The emotional delivery is there. Both narrators understand the weight of what they're reading—the grief, the guilt, the complicated love between sisters who've been shaped by the same damage in opposite ways. But the technical execution doesn't quite match the emotional intelligence. Worth pausing the faculty meeting for? Yes. A perfect audio experience? Not quite.
Who Should Listen (And Who Should Grab the Print Version)
If you loved The Art of Inheriting Secrets, know that this is O'Neal operating at a higher intensity. More drama, more darkness, more willingness to sit in uncomfortable truths about family. If you're drawn to books about sisters—the real complexity of that relationship, not the Hallmark version—this delivers.
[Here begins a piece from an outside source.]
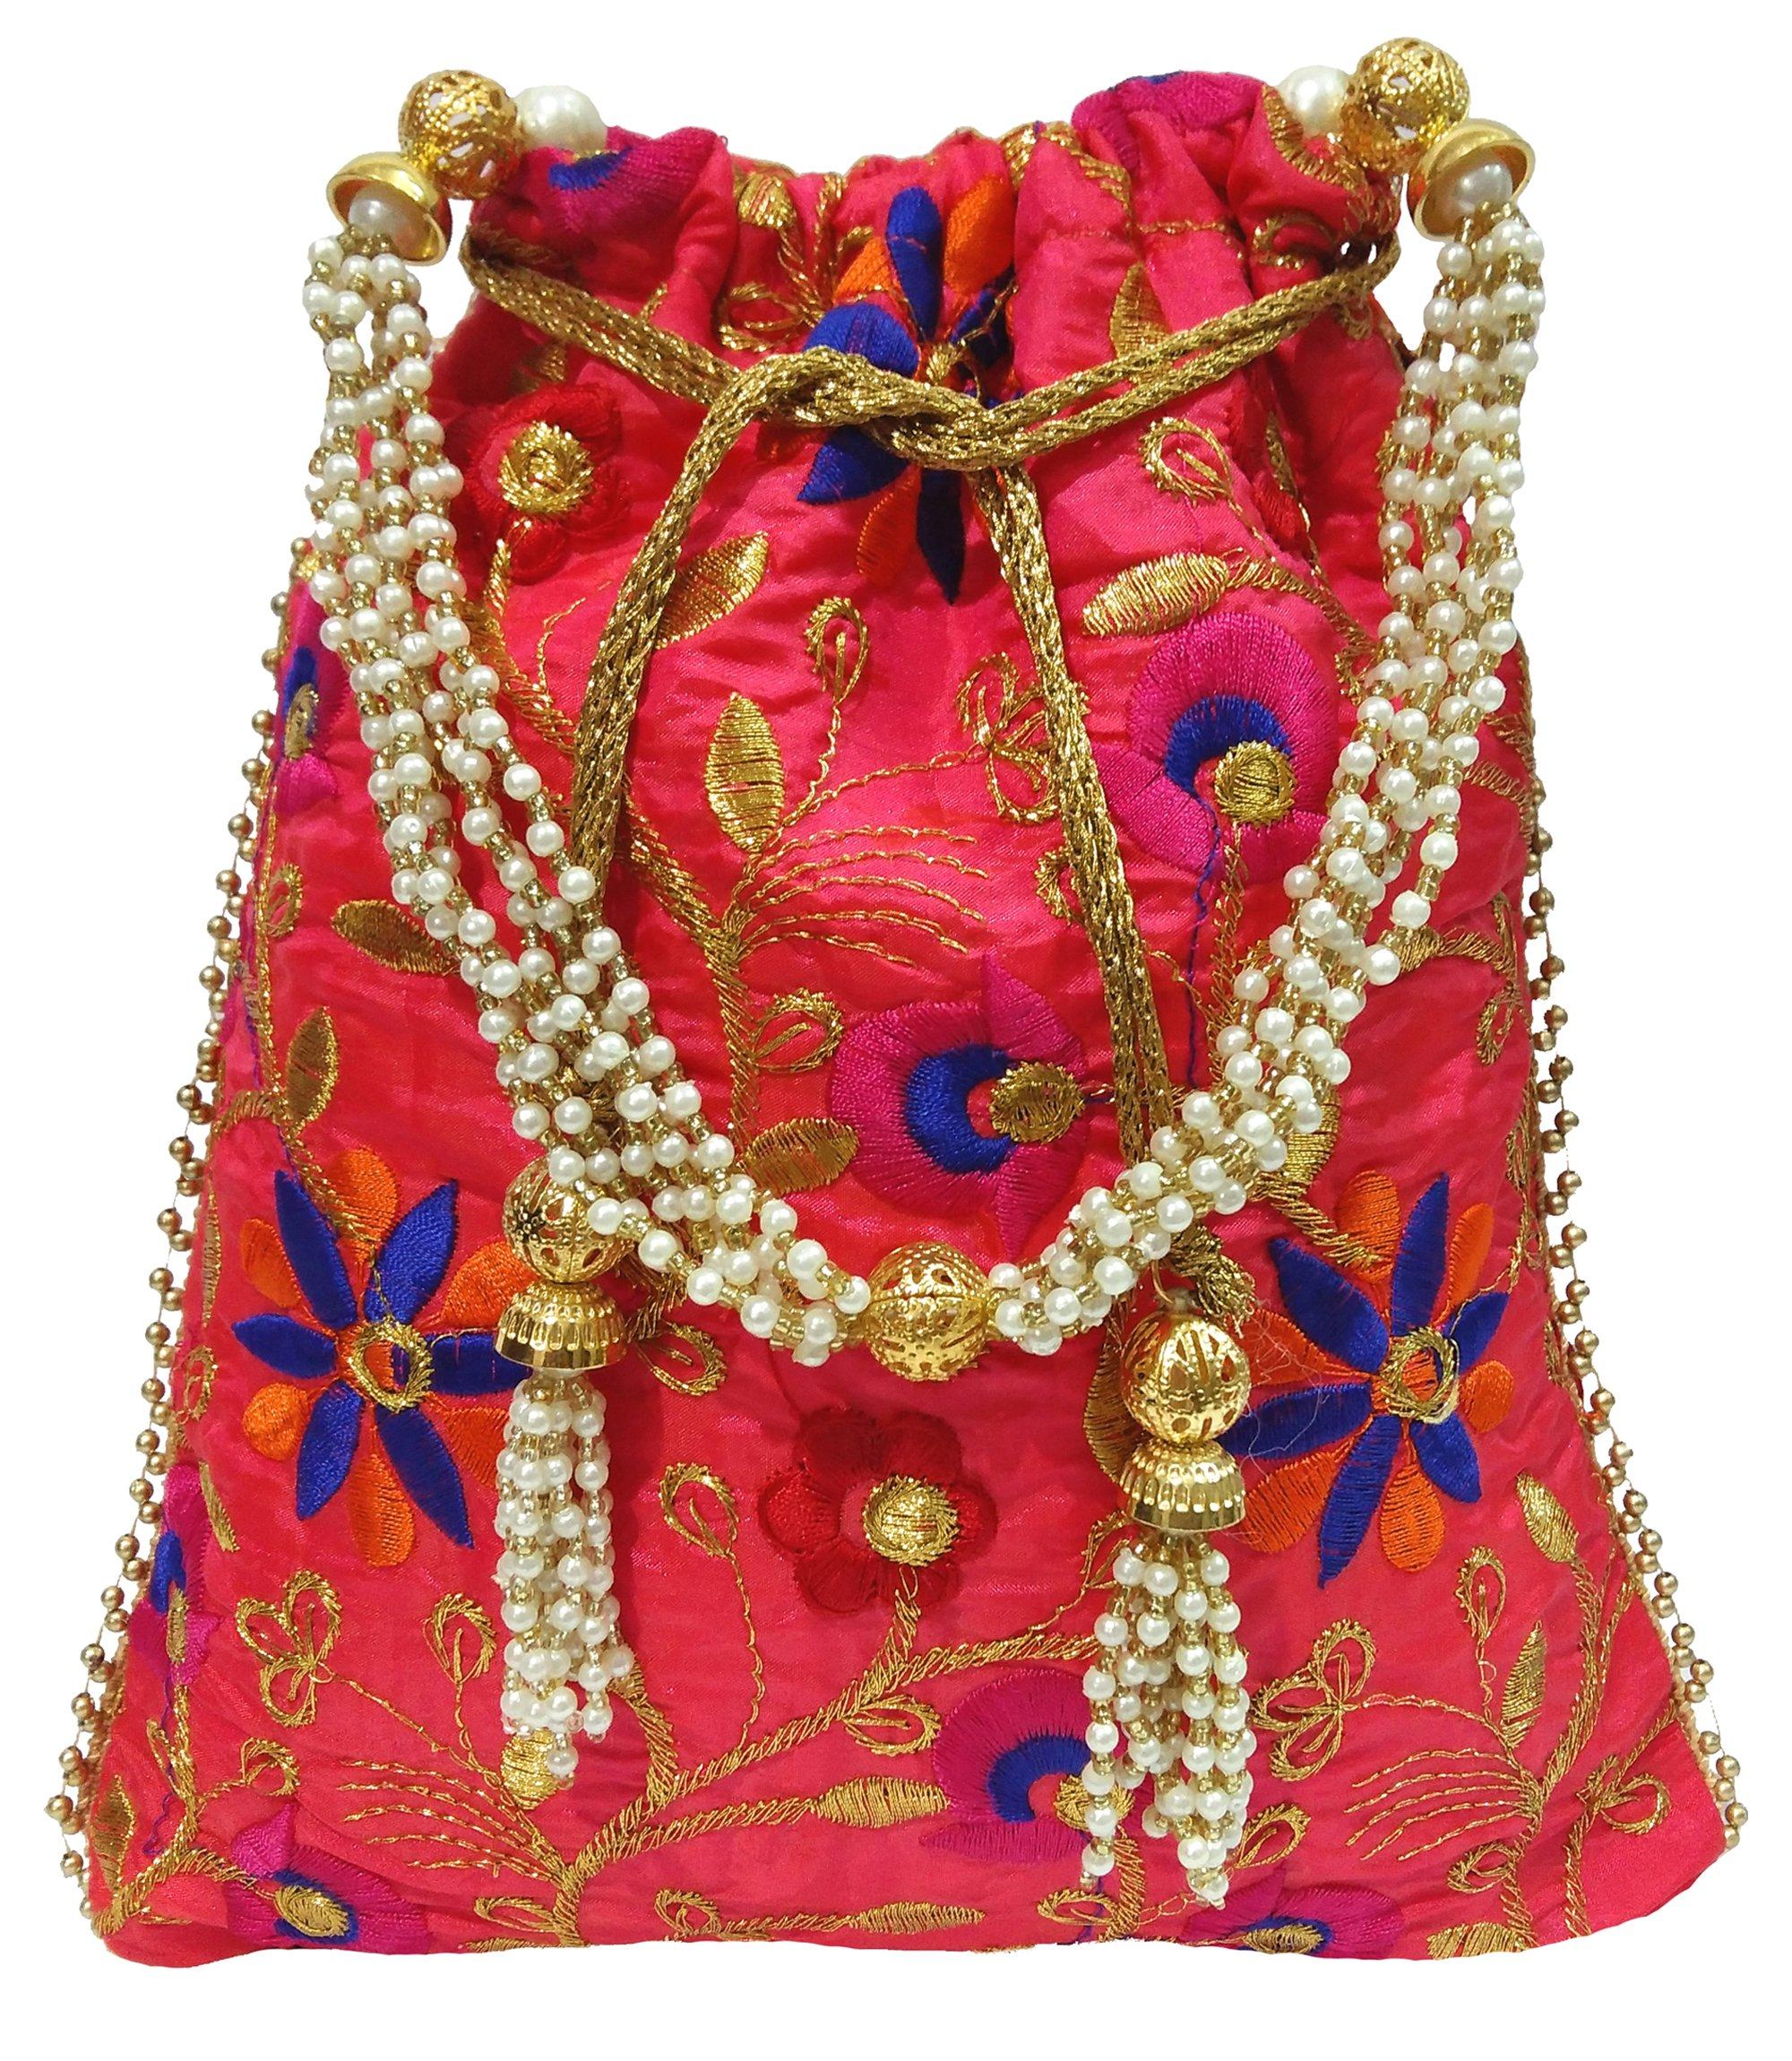 Wedding Women Purse Party Designer Bridal Clutch / Jewelry Pouch / Indian Evening Potli Handbag
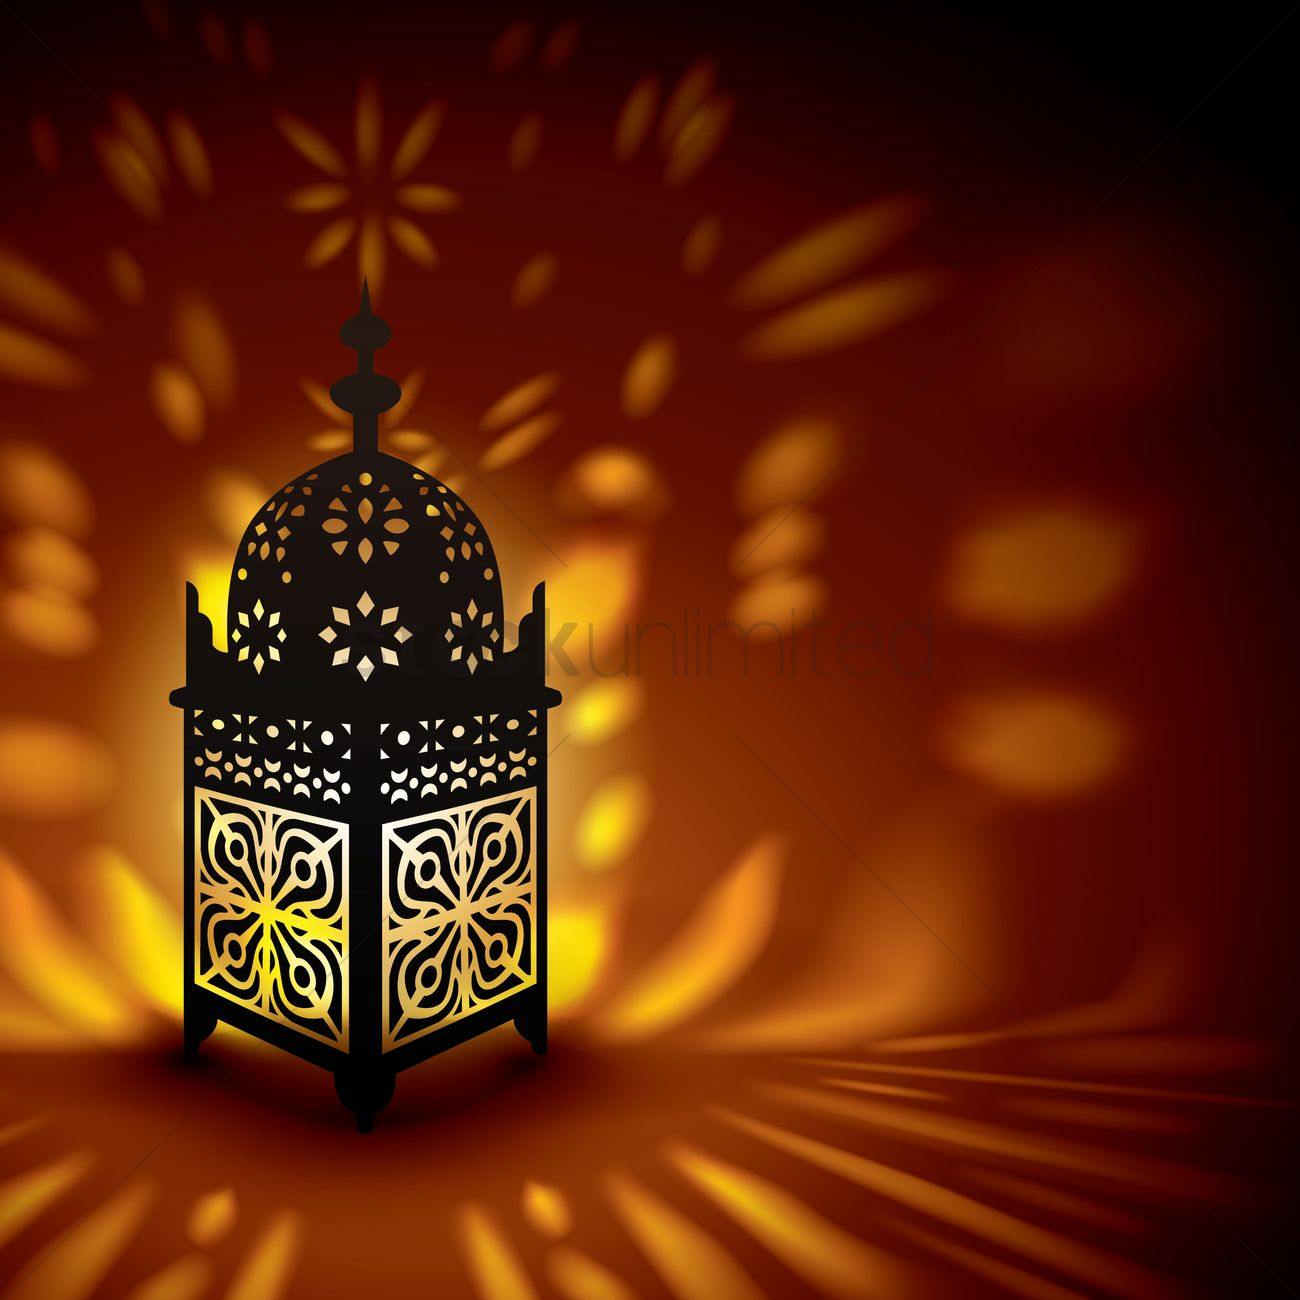 a lit ramadan lantern vector image 1826849 stockunlimited a lit ramadan lantern vector image

Skip the audiobook if mispronunciations genuinely ruin your listening experience. Some folks mentioned they wished they'd read the print version instead, and I understand that impulse. The story itself is strong enough to warrant picking up the physical book if the audio frustrates you. That same willingness to sit in darkness without flinching shows up in Waste Land, though that one goes even harder on the trauma front.
Also worth noting: there are themes of violence, abuse, and family trauma woven throughout. O'Neal doesn't sensationalize it, but it's present. This isn't escapist fiction dressed up as beach reading—it's literary fiction that happens to have a beach setting.
Worth Telling Denise About
I finished this one walking the lakefront last Sunday, and I immediately texted my wife to start it. (She's three chapters into the print version now—she has less patience for pronunciation quirks than I do.) The thing is, despite the audio imperfections, the story stayed with me. The final revelations about what really happened, why Josie ran, what Kit has been carrying all these years—it earned its emotional payoff.
O'Neal understands something essential about secrets: they don't protect anyone. They just delay the reckoning. And when that reckoning finally comes for these sisters, it's devastating and necessary and exactly right.
This is why we still read the classics—because the best contemporary fiction learns from them. The bones of Greek tragedy are here, dressed in California sunshine and New Zealand rain. Two sisters. One terrible truth. The long journey home.
Not a perfect audiobook. But a story worth the imperfect journey.